Wellcome Centre for Human Neuroimaging, University College London, WC1N 3BG London, United Kingdom;
Department for Imaging Neurosciences, Max Planck University College London Centre for Computational Psychiatry and Ageing Research, WC1B 5EH London, United Kingdom.
Proc Natl Acad Sci U S A. 2019 Aug 6;116(32):15871-15876. doi: 10.1073/pnas.1821647116. Epub 2019 Jul 18.

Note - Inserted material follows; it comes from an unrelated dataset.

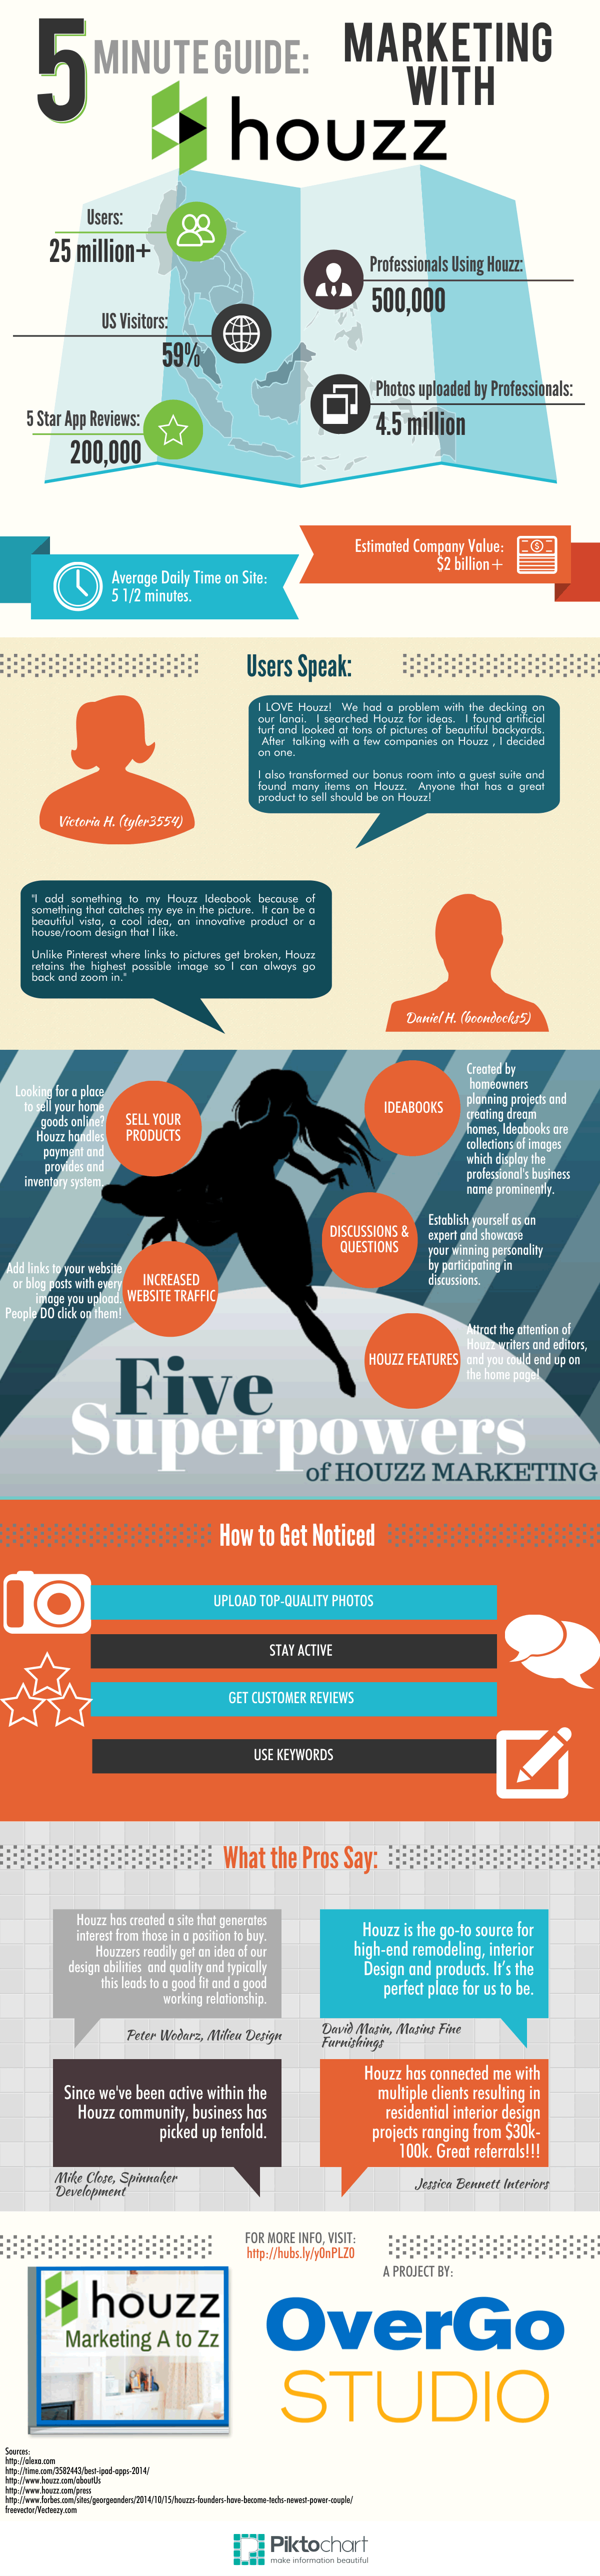 5-Minute Guide to Houzz Marketing http://www.overgovideo.com/blog/houzz-marketing-professionals via @overgostudio
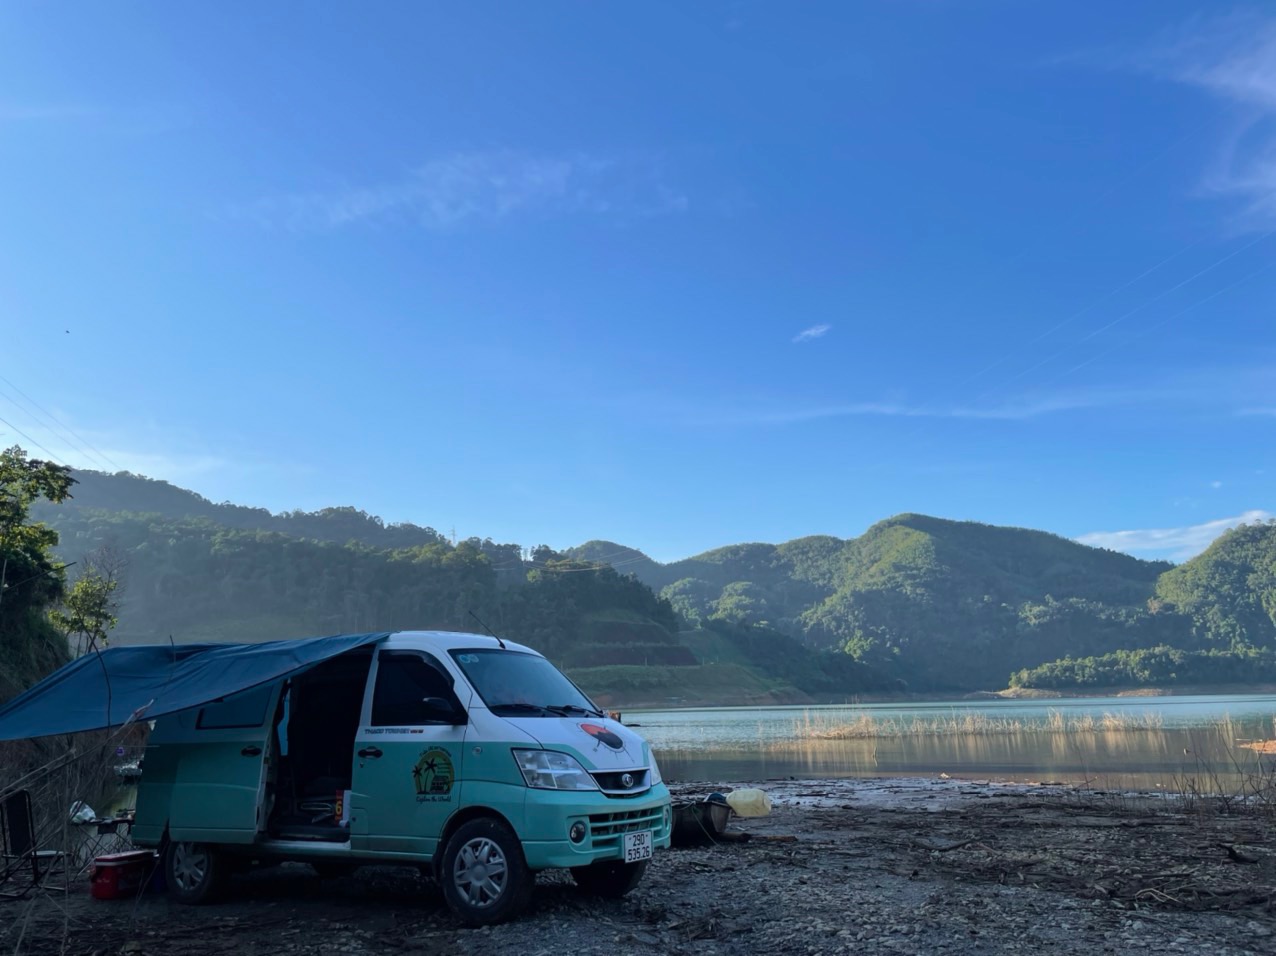 Bán Triton mua xe van THACO hơn 300 triệu độ camping chạy Bắc Nam hơn 18.000km, chủ xe trải lòng: 'Vui, tiện nhưng đi xa hơi cực' - Ảnh 8.

Model-free learning enables an agent to make better decisions based on prior experience while representing only minimal knowledge about an environment's structure. It is generally assumed that model-free state representations are based on outcome-relevant features of the environment. Here, we challenge this assumption by providing evidence that a putative model-free system assigns credit to task representations that are irrelevant to an outcome. We examined data from 769 individuals performing a well-described 2-step reward decision task where stimulus identity but not spatial-motor aspects of the task predicted reward. We show that participants assigned value to spatial-motor representations despite it being outcome irrelevant. Strikingly, spatial-motor value associations affected behavior across all outcome-relevant features and stages of the task, consistent with credit assignment to low-level state-independent task representations. Individual difference analyses suggested that the impact of spatial-motor value formation was attenuated for individuals who showed greater deployment of goal-directed (model-based) strategies. Our findings highlight a need for a reconsideration of how model-free representations are formed and regulated according to the structure of the environment.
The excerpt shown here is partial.